Они вышли на палубу. Непроглядная ночь окружала корабль, шедший с погашенными огнями. Низкие тучи казались темнее невидимого моря. Видны были только белые полосы пены, с шипением отбегающие от борта.
«Все кончено?»
Орлов вспомнил, какая усталость охватила его в первые минуты на корабле. Сейчас он был снова полон злой непреклонной силы. Ему казалось, что эта сила вливается в него через упругое железо палубы, под которой мощно урчали машины. Пароход, конечно, не сравнить с парусником. Но Орлов уже любил эту нескладную громоздкую гору железа, которая упрямо раздвигала вязкую, тяжелую воду, пробивая в ней путь. Путь для него. И еще для нескольких десятков русских мужиков, возвращающихся в свой дом.
25
Ночью в кают-компании собрались почти все офицеры, свободные от вахты, и Виктору Гавриловичу пришлось выдержать нелегкое испытание. Вырвавшиеся из плена моряки воспринимали Беренса прежде всего как источник новостей - ведь он побывал за пределами их тесной бухты, в мире больших городов, газет, телеграфа.
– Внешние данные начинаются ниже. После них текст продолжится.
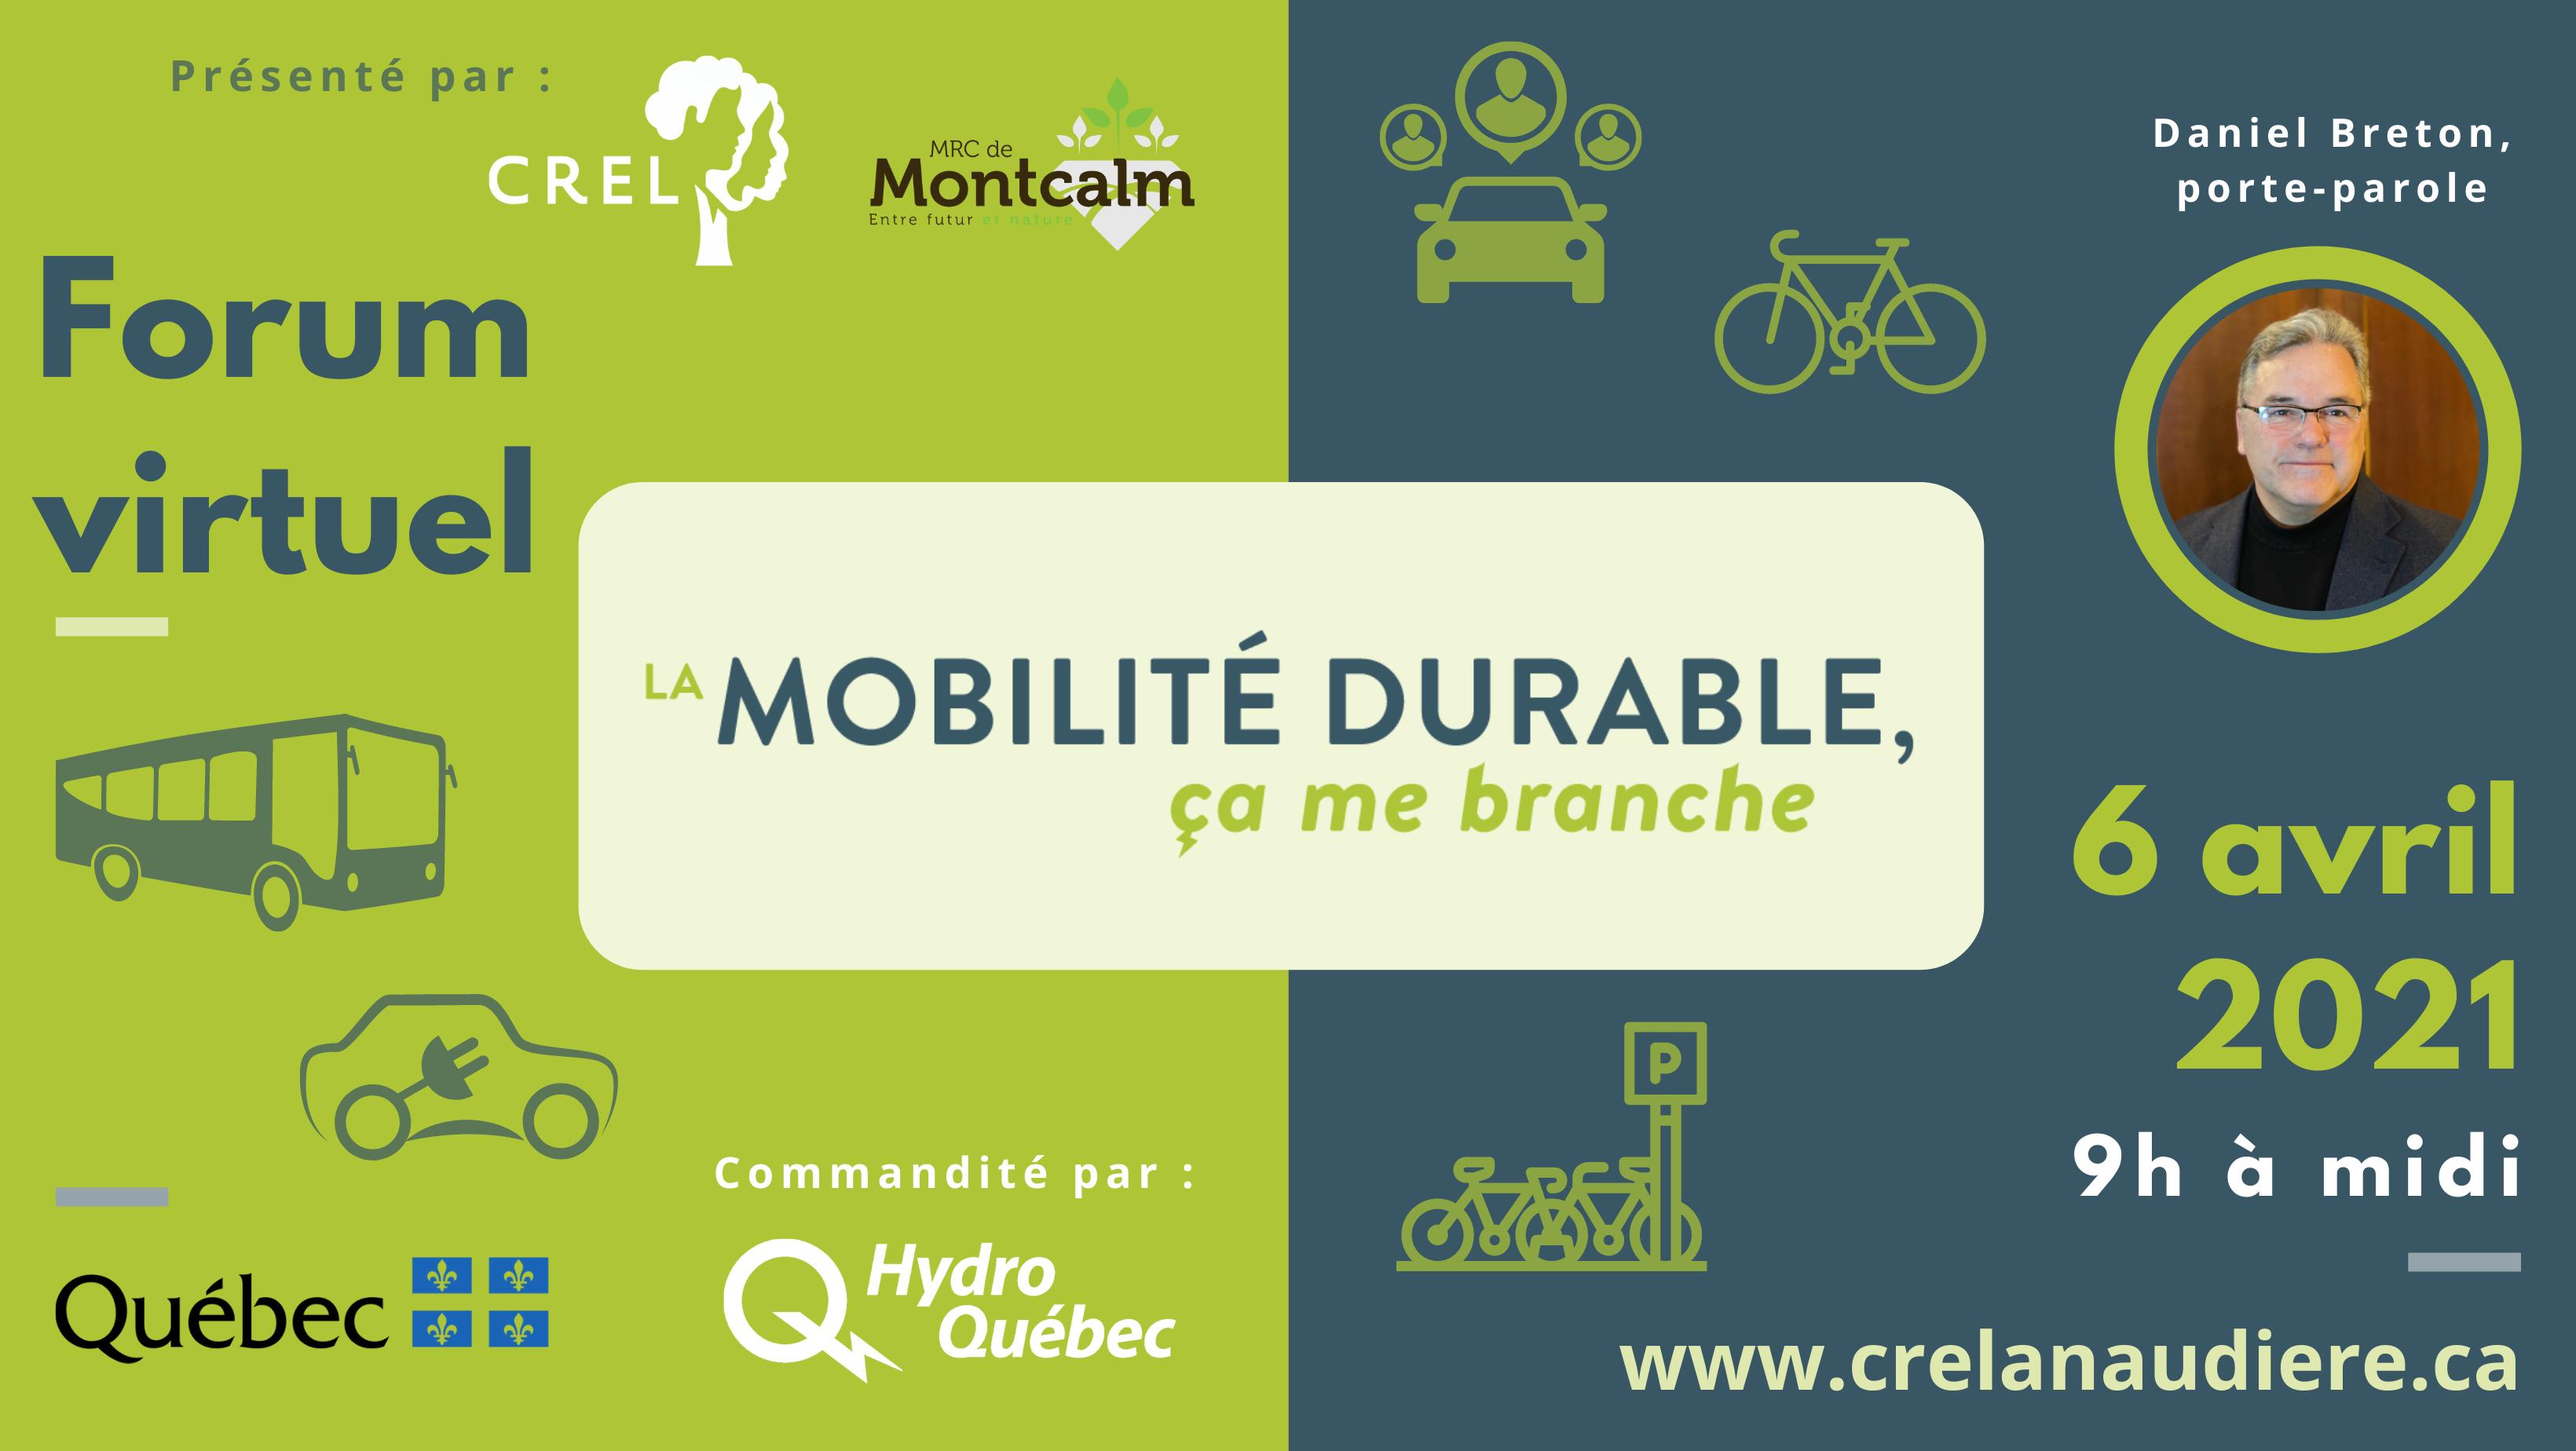 Forum virtuel - La mobilité durable, ça me branche - 6 avril 2021

Четыре года они узнавали о событиях на родине только из редких писем и старых газет, доставляемых раз в год с курьером, а последние месяцы провели в полнейшей изоляции. Виктор Гаврилович попал в затруднительное положение. Сведения, полученные им из газет и, в основном, из бесед с российским военно-морским агентом, не доставили бы радости его товарищам. Молчать он не мог, обманывать не хотел. Что делать? Пришлось отвечать, с медицинской скрупулезностью отмеряя дозы горькой правды.
– А что слышно
– спрашивал его Шпаковский.
– Покойный император завещал укрепиться на Кольском полуострове. Как продвигается дело?
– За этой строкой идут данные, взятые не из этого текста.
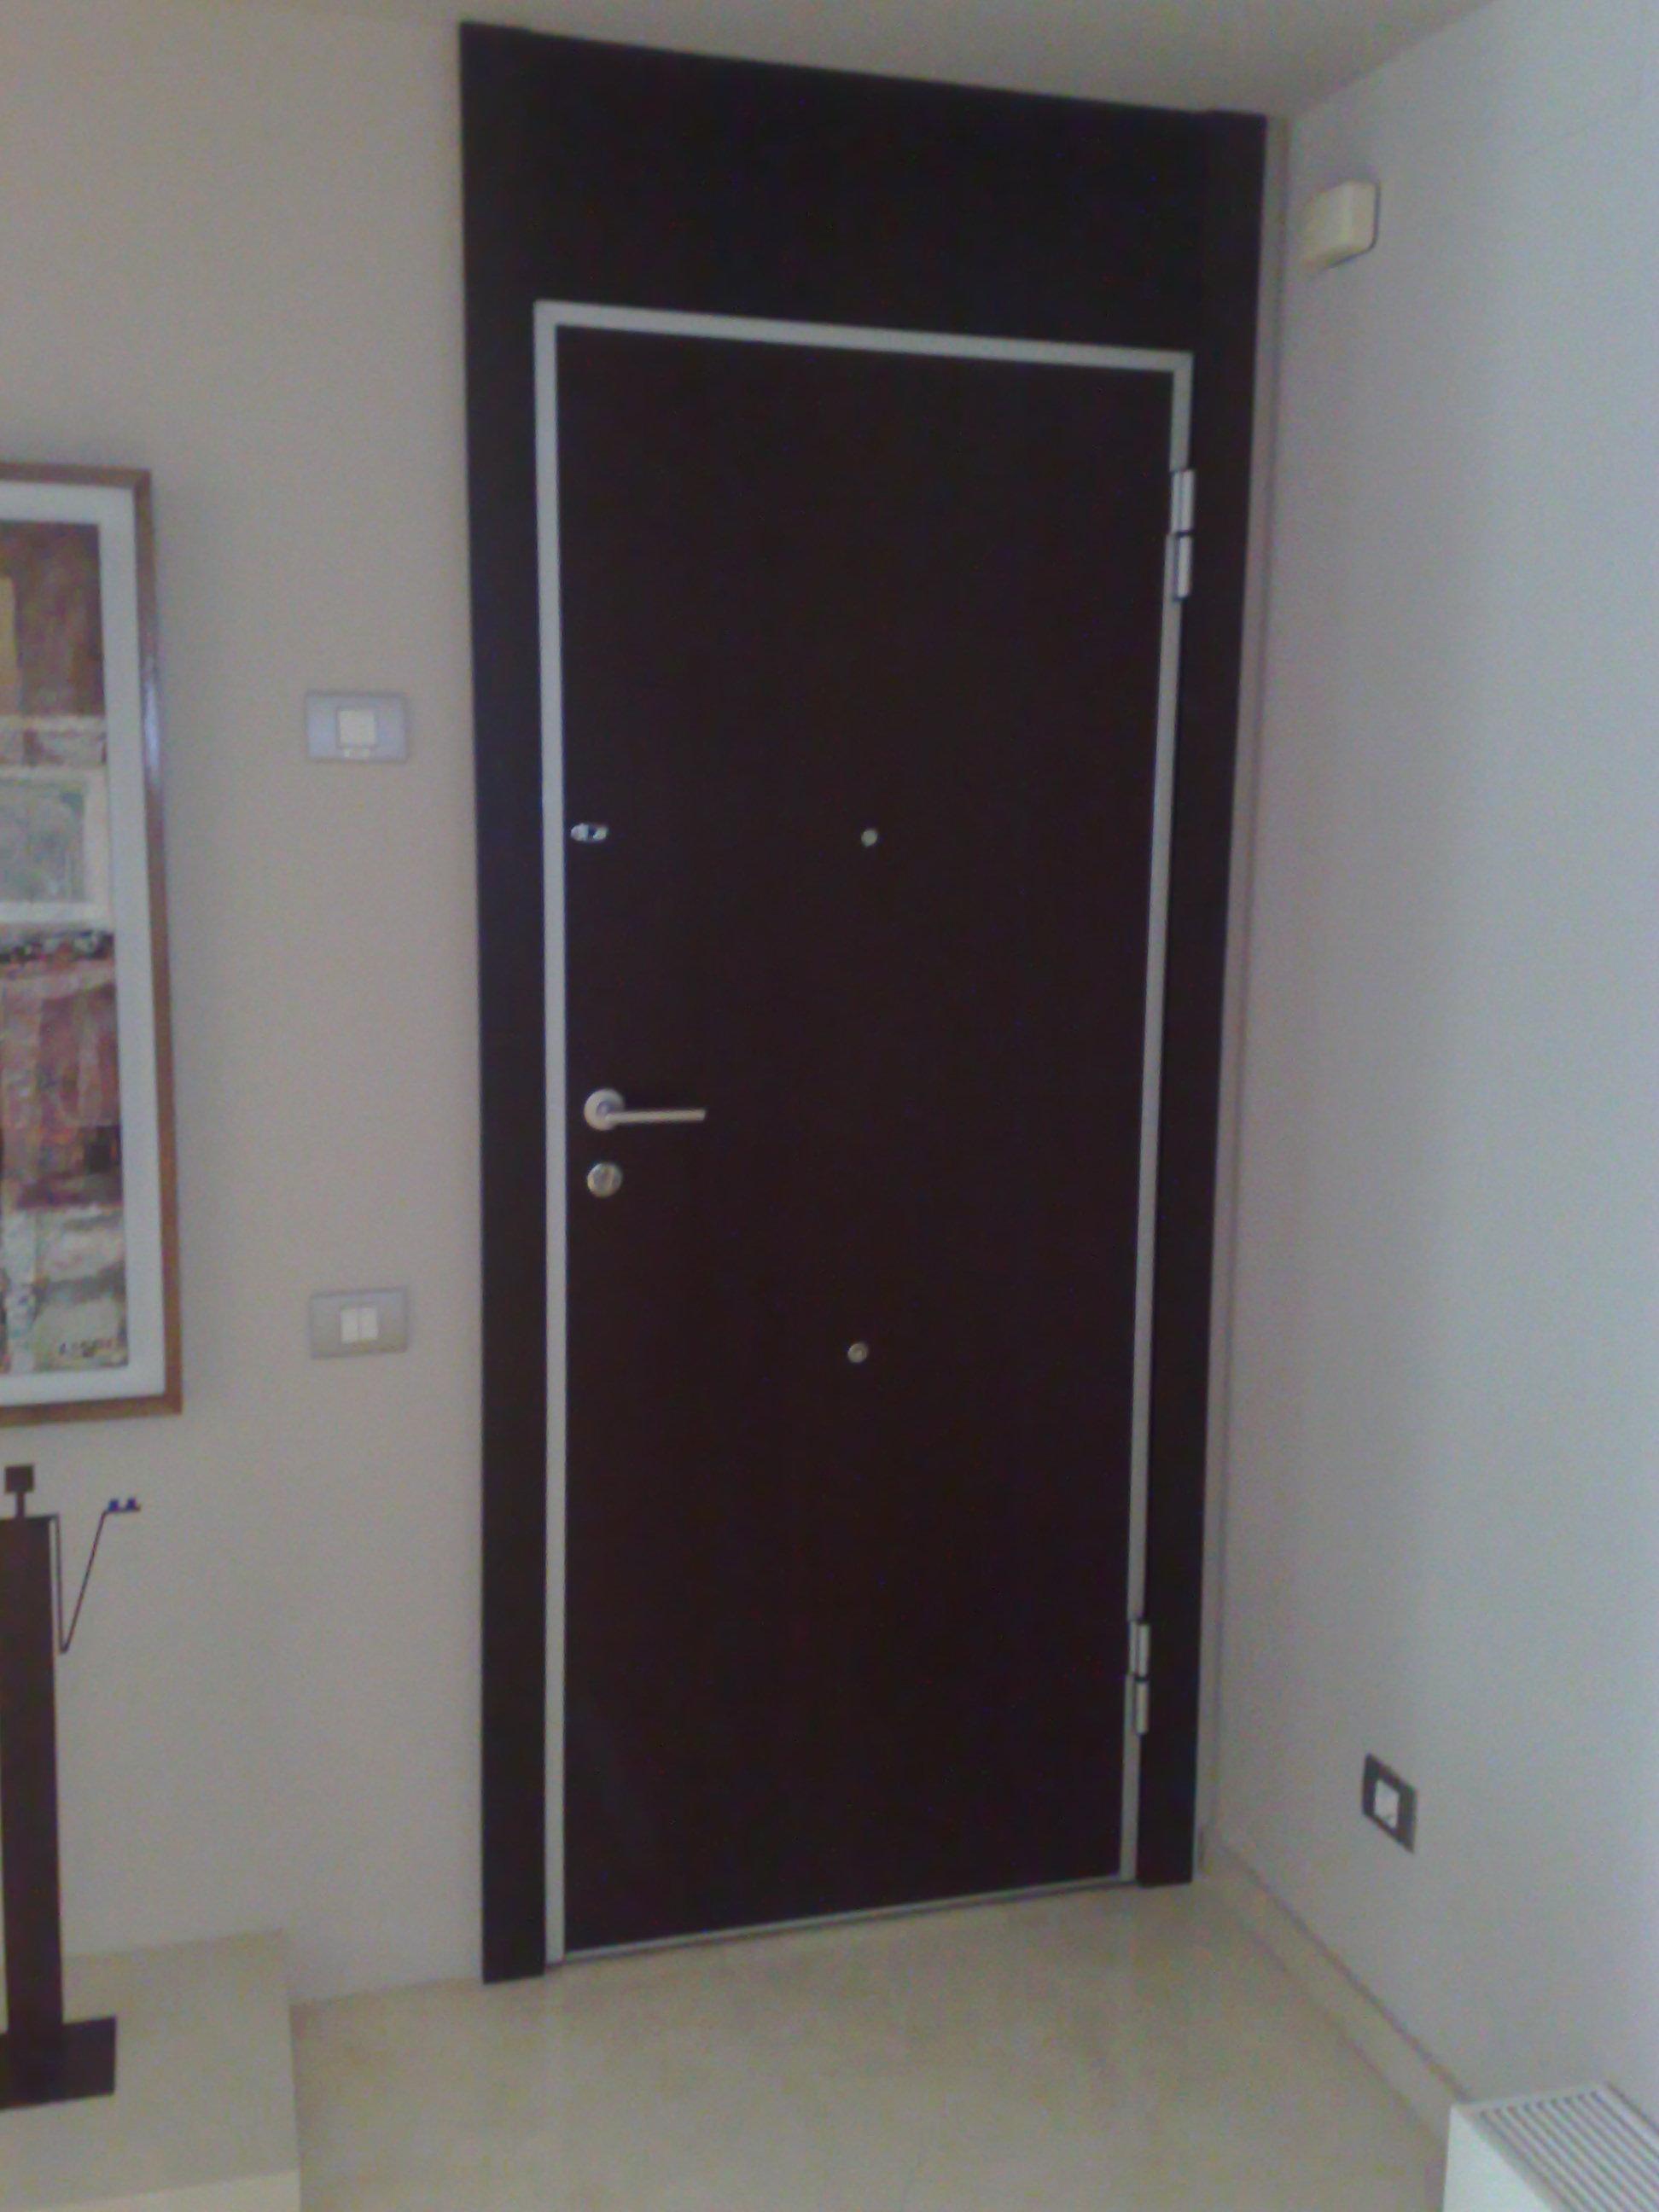 Puertas acorazadas blindadas de interior correderas - Puertas blindadas a medida ...

– Понемногу, - отвечал Беренс.
– Начата прокладка железной дороги.
– Но позвольте! Дорогу стали вести еще при нас. Следует ли вас понимать в том смысле, что с мурманским портом решено подождать? Неужели наследник склонился к Либаве?
Давний спор о том, где строить главную военно-морскую базу, на Балтике или на Кольском, решился в пользу Либавы. Конечно, адмиралов можно понять. Гораздо приятнее и легче расширять старый порт, чем строить новый, да еще в столь диком месте, на берегу Баренцева моря.
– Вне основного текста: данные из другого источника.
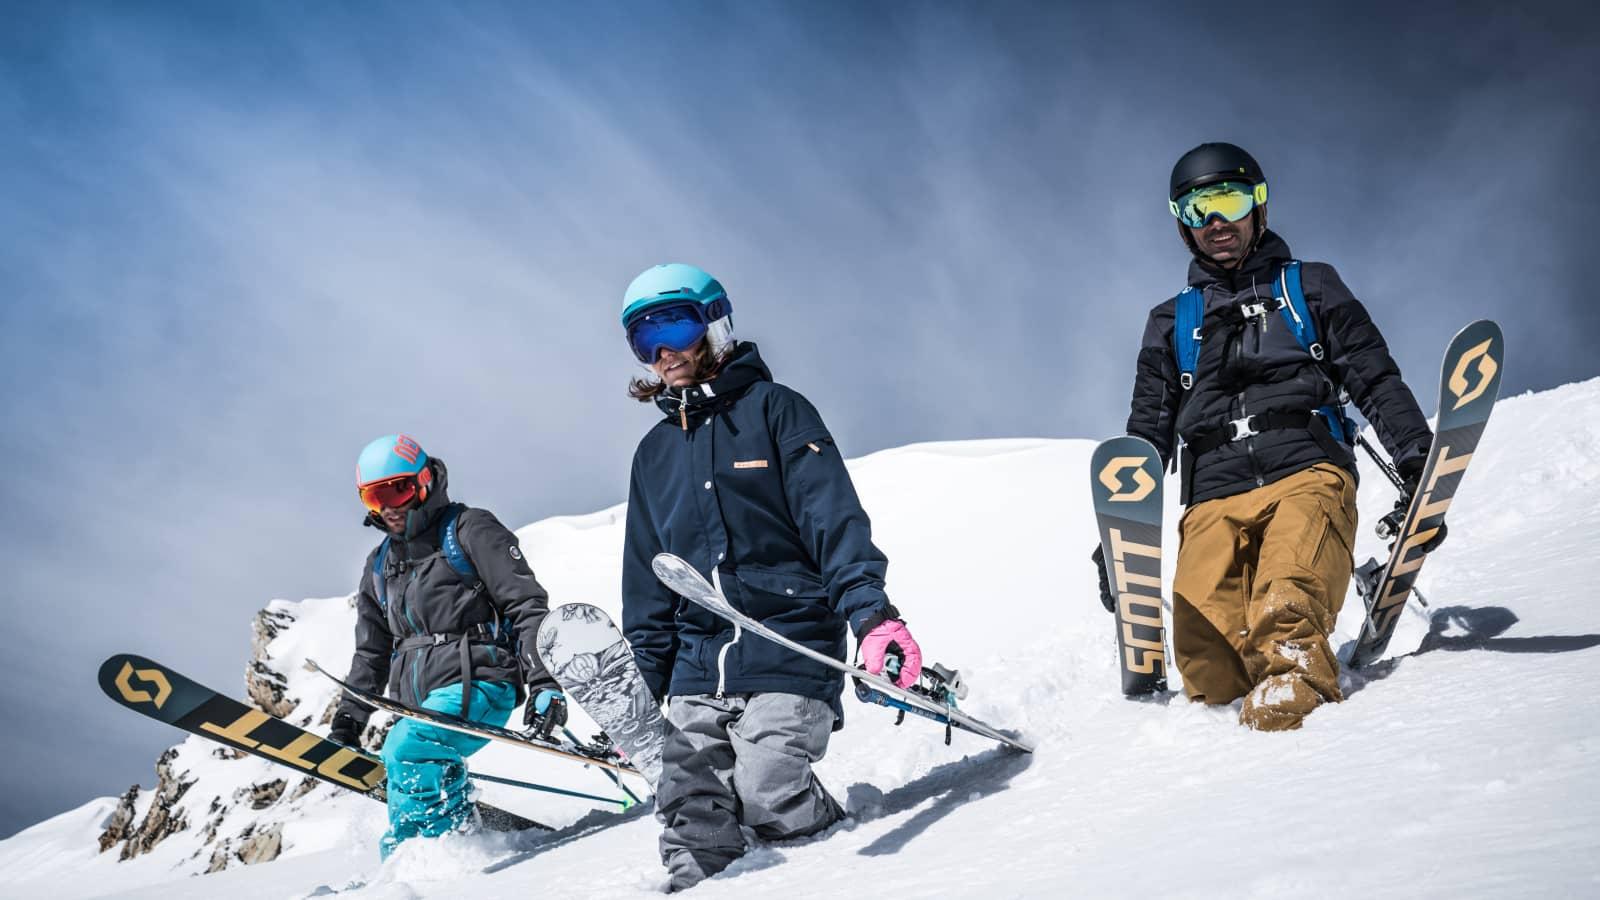 Ski France - Arc 1800, Les Arcs - Ski Holidays 2017 2018

– Да, склонился, - кивнул Беренс.
– Точнее, его к этому склонил великий князь Алексей Александрович.
– Но это же катастрофа! Иметь главную базу в двух шагах от границы? Германцы займут ее в первые же дни, если не часы, войны. Со всеми ее припасами и выходами на железные дороги. Противнику ничего не стоит запереть наш флот в Балтике. В то время как из незамерзающего порта на Мурмане мы бы имели постоянный выход в Атлантику~ - Шпаковский махнул рукой.
– Простите за неуместную риторику. Ну, а что слышно о восточных базах? Обустроили их? Или по-прежнему сибирская эскадра стоит в японских портах и в Сан-Франциско?
– На Востоке никаких перемен. Если не считать того, что мы взяли в аренду изрядный кусок Кореи и Китая. Сейчас наша передовая база там - Порт-Артур.
– Порт-Артур? Не самый удачный выбор, - сухо заметил Шпаковский.
– Но как нас туда пустили китайцы?
– Наши дипломаты объясняют все просто. Мы пообещали, что будем защищать китайские порты от германских поползновений. Немцы как раз незадолго перед этим захватили Циндао. А наше присутствие положило предел их дальнейшему продвижению. Мол, как только немцы уйдут, мы тоже выведем войска.
– Трудно поверить, что китайцев удовлетворили столь примитивные объяснения.
– Тем не менее, они были вполне удовлетворены. Говорят, все решили деньги. Раздали взятки мелким чиновникам, получили выход на крупных. Одному генералу - сто тысяч, другому - пятьдесят. Естественно, в золотых рублях. И китайский гарнизон живенько вышел из крепости. Затем стали подкупать сановников рангом повыше, чем генералы. Министру внешних сношений - пятьсот тысяч, наместнику - двести пятьдесят. Вот и завоевали Порт-Артур без единого выстрела. К всеобщему удовольствию.
– Так уж и к всеобщему? А как же Япония? Стерпела? Это же неприкрытый вызов - держать военные корабли у нее под брюхом.
– Молодой государь относится к японцам не так, как его великий родитель. Для Николая Александровича они суть варвары узкоглазые, макаки желтолицые.
– Значит, будет война, - то ли спросил, то ли заявил Шпаковский.
– На мой взгляд, определенно.
– Вовремя же мы поднялись с насиженного места. Засиделись. Я так понимаю, про Атлантическое направление в Морском министерстве сейчас уже и не помышляют. Так?